Aku menggelengkan kepala ini. Sebab, pertanyaan papa membuatku tersentak lirih. Apa ini alasannya tidak mudik tiga tahun lamanya? Supaya bisa bersandiwara seolah-olah Tiara meninggal dunia? 

"Sepicik itu, Pah? Pura-pura meninggal hanya untuk menutupi sesuatu?" tanyaku padanya. 
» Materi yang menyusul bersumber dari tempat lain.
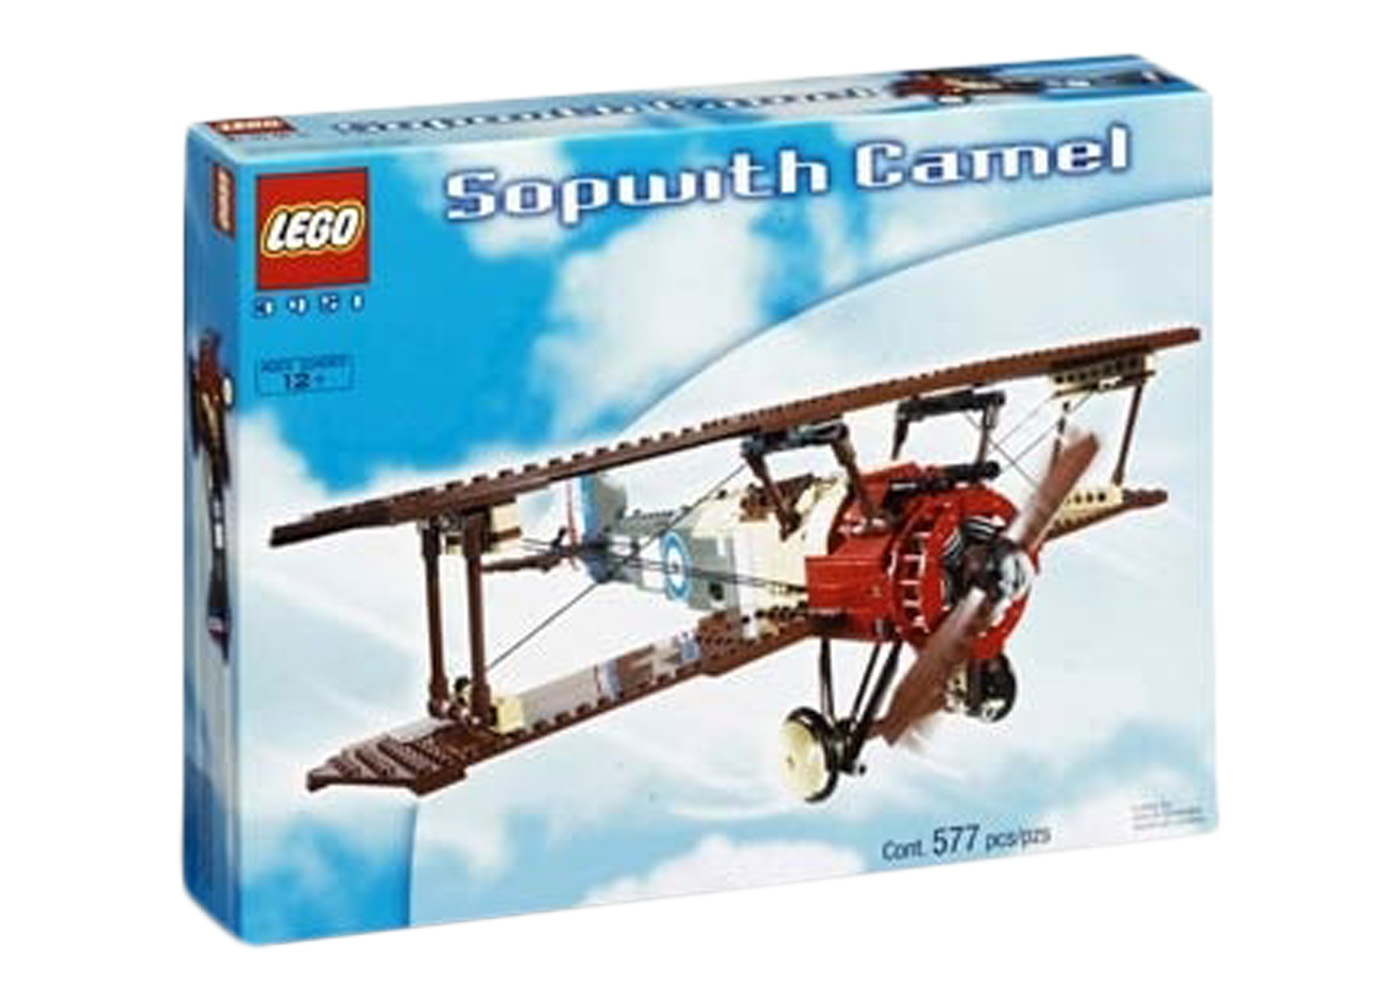 LEGO Creator Expert Sopwith Camel Set 3451 - US
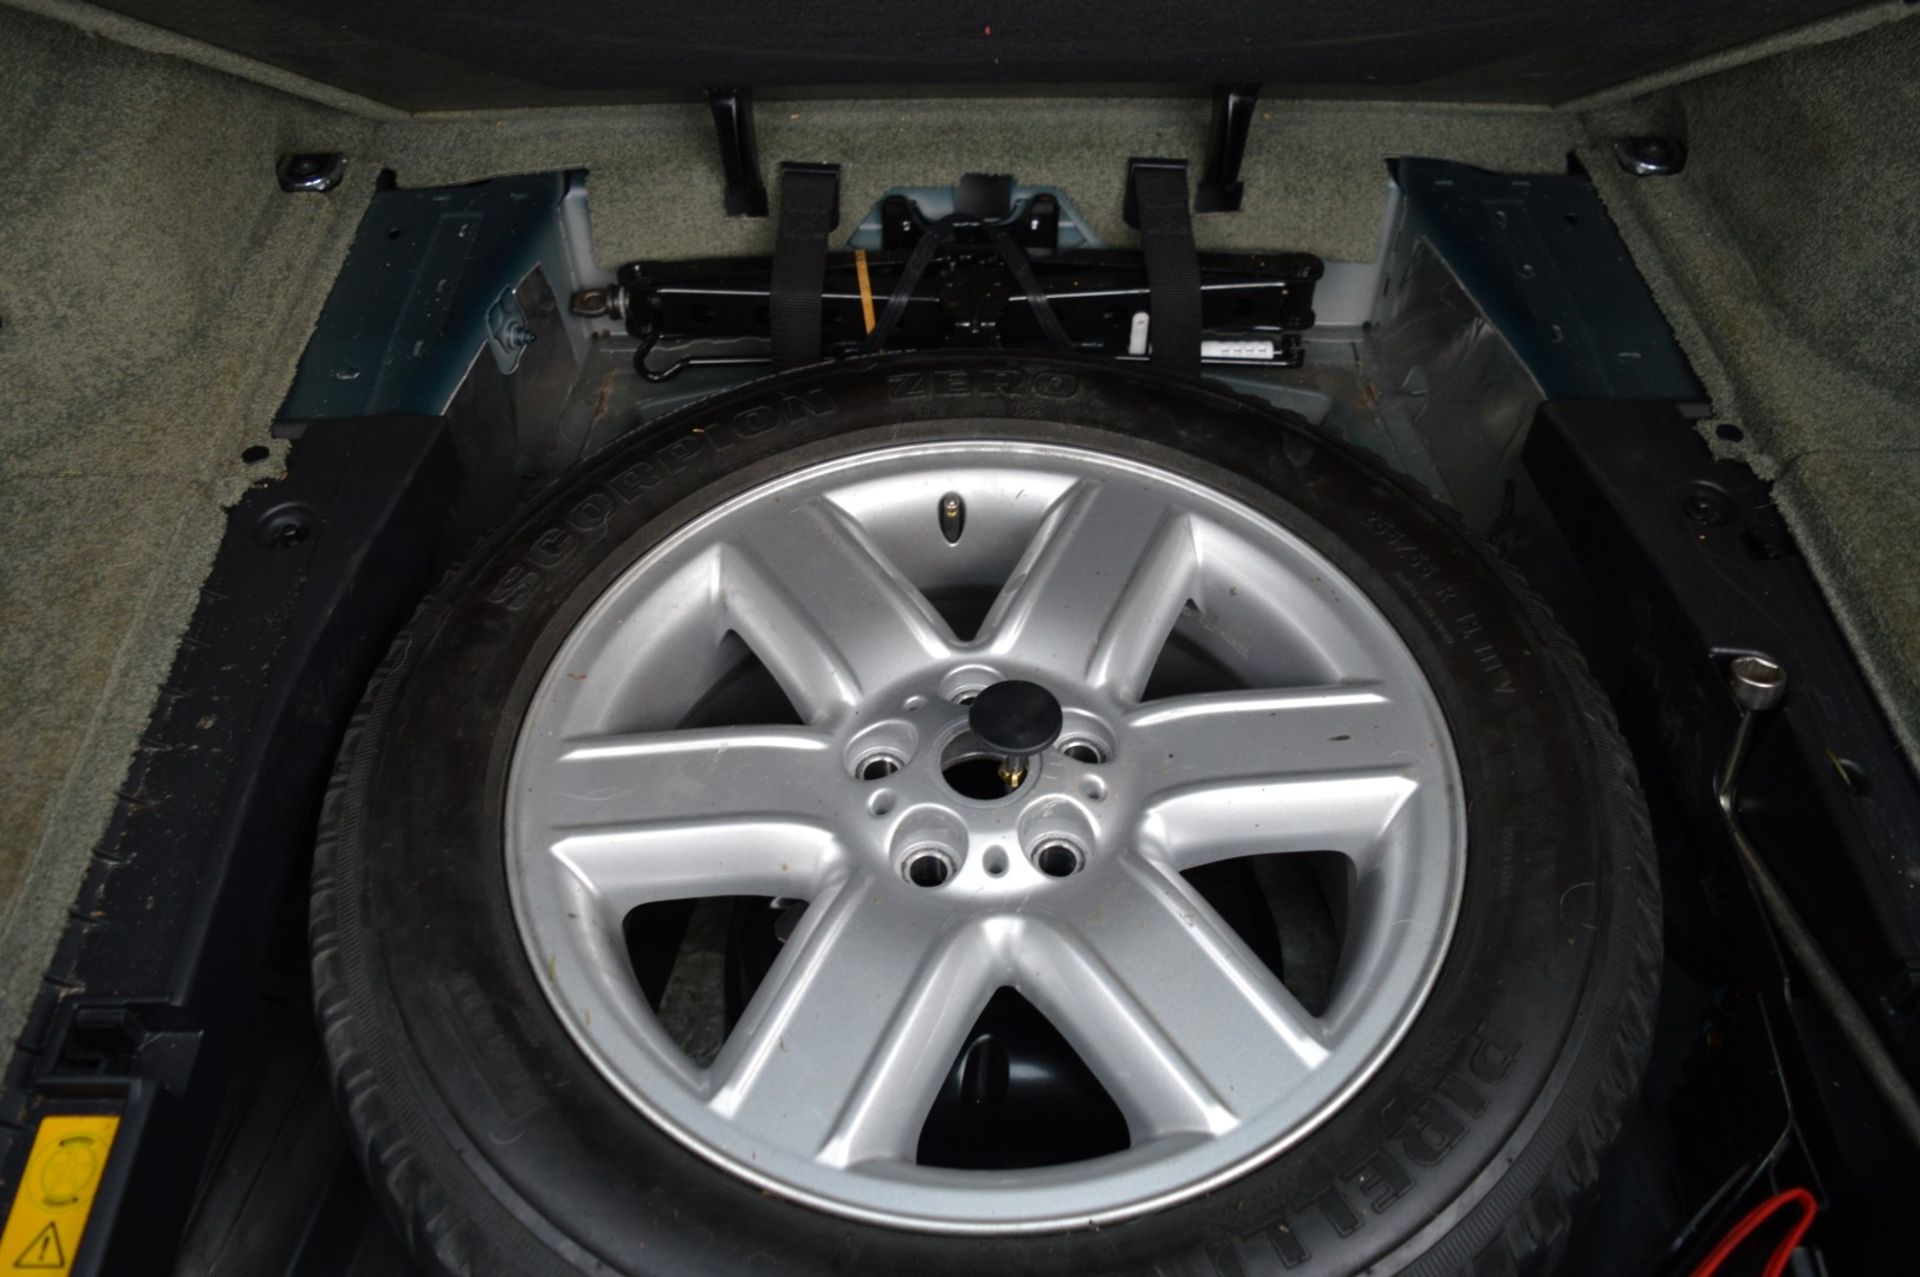 1 x Range Rover Vogue V8 4.4 Automatic - Black, Leather Interior, Petrol, Television, Premium - Image 21 of 63

"Justru ini yang menarik, tiga tahun tertutup rapat, Papa akan bantu kamu, Elena, kita selidiki, kalau terbukti dia mempermainkan pernikahan, kita bisa jebloskan Haris ke penjara," terang papaku. 

Air mataku mengembun, rasanya sulit menahannya, tapi aku malu menangis di hadapan orang tua yang telah membesarkanku. 

"Kita bisa selidiki mulai dari sosial media, Pah, belum lama ini, tepatnya dua bulan lalu, ada yang menulis status memakai akun F******k Mas Haris, aku rancu dan merasa memang bukan dia yang tulis, sempat menuduh Gea, tapi aku rasa bukan dia orangnya," tuturku pada orang tua angkatku.

"Itu soal mudah, yang terpenting sekarang, kamu santai, jangan gegabah, Haris licik, kamu harus cerdik. Papa kok gemes ya dengarnya, meskipun kamu bukan anak kandung, tapi terasa Fitri juga mengalami hal ini," ungkap papa sambil mengepal tangannya. 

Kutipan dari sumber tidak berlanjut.